= Data section =
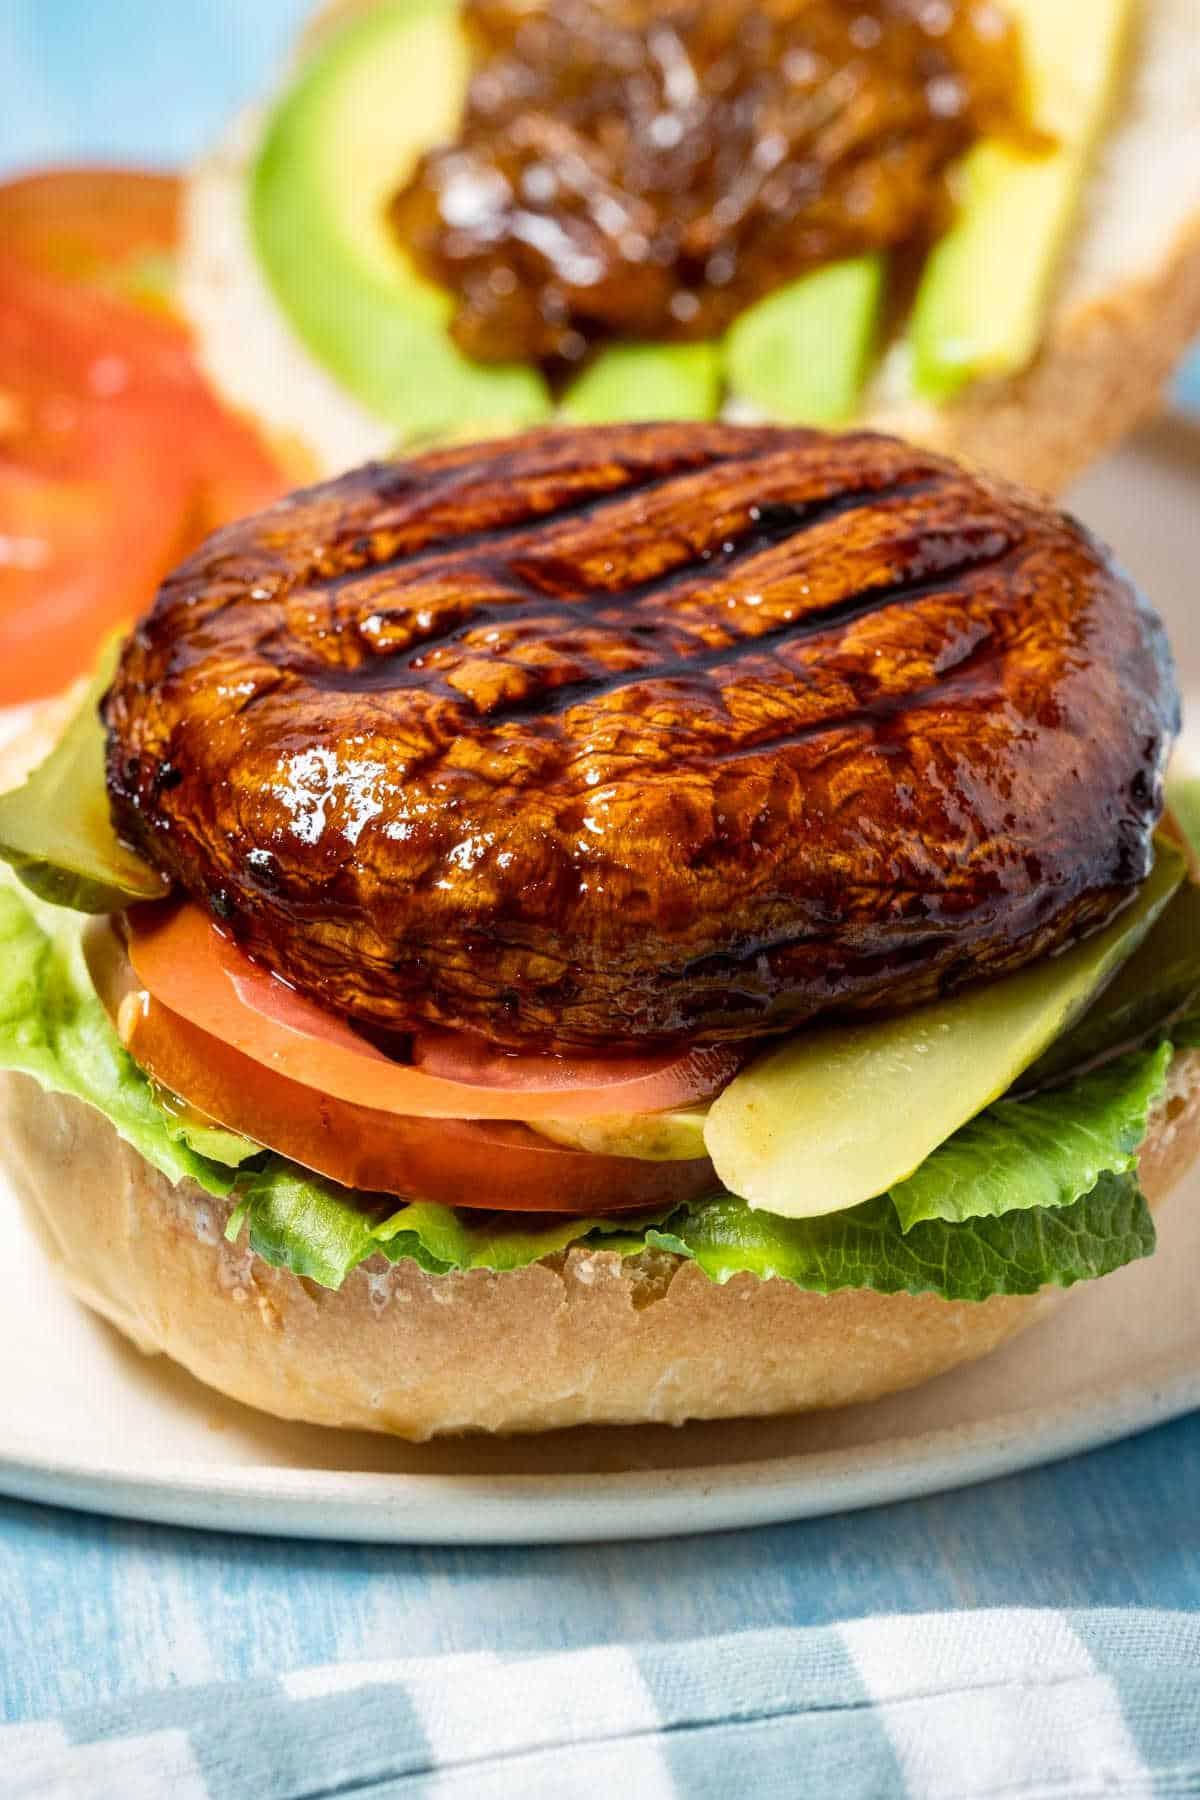 Portobello burger with lettuce, tomato, pickle on a white plate.
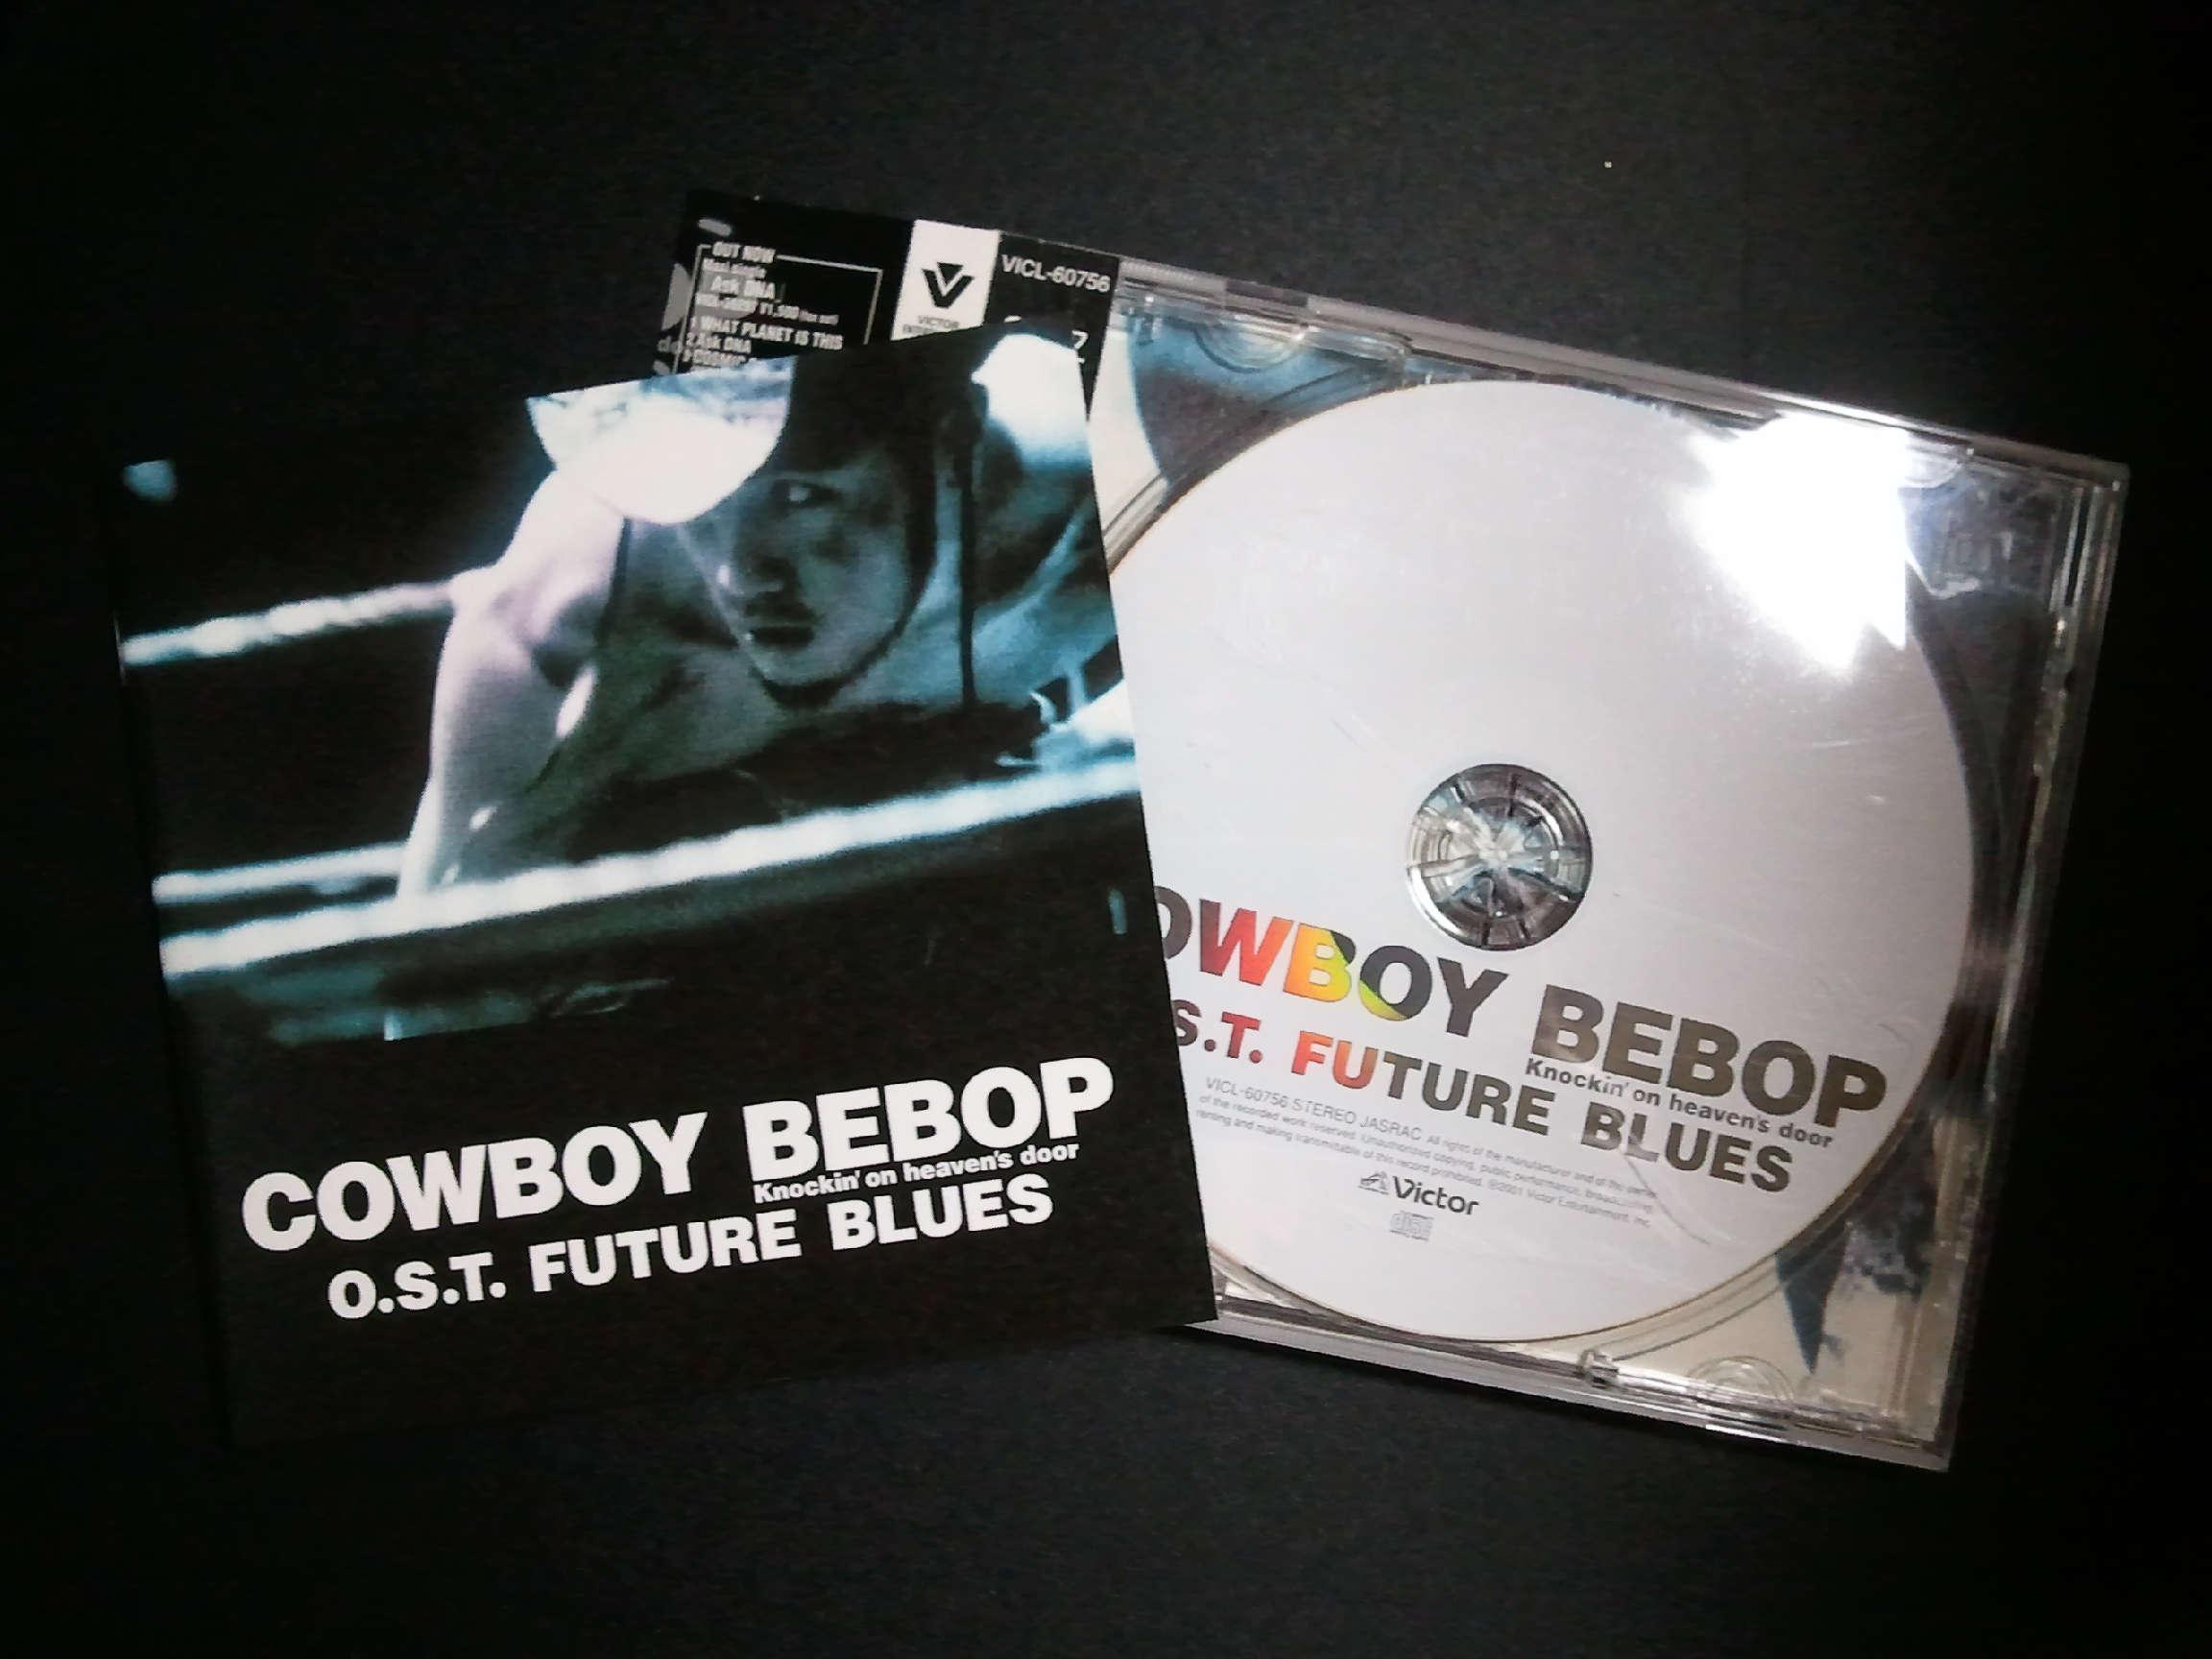 Cowboy Bebop Knockin' on heaven's door OST Future Blues
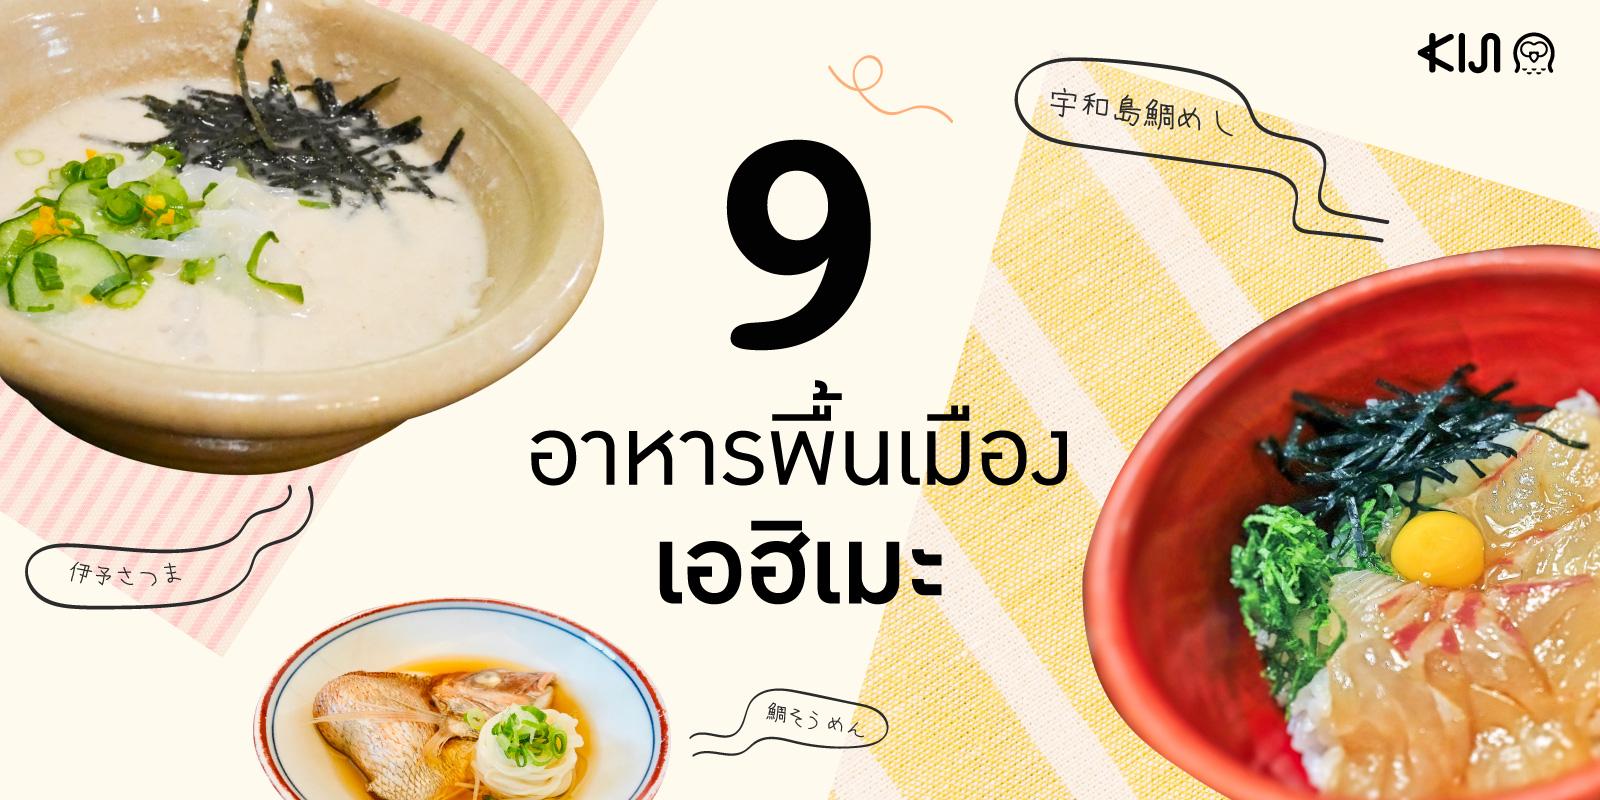 อาหารพื้นเมือง เอฮิเมะ (Ehime Food)

= Assignment =
Reproduce the entire listing above precisely, but keep the images out.

= Result for this task =
 Portobello burger with lettuce, tomato, pickle on a white plate.
 Cowboy Bebop Knockin' on heaven's door OST Future Blues
 อาหารพื้นเมือง เอฮิเมะ (Ehime Food)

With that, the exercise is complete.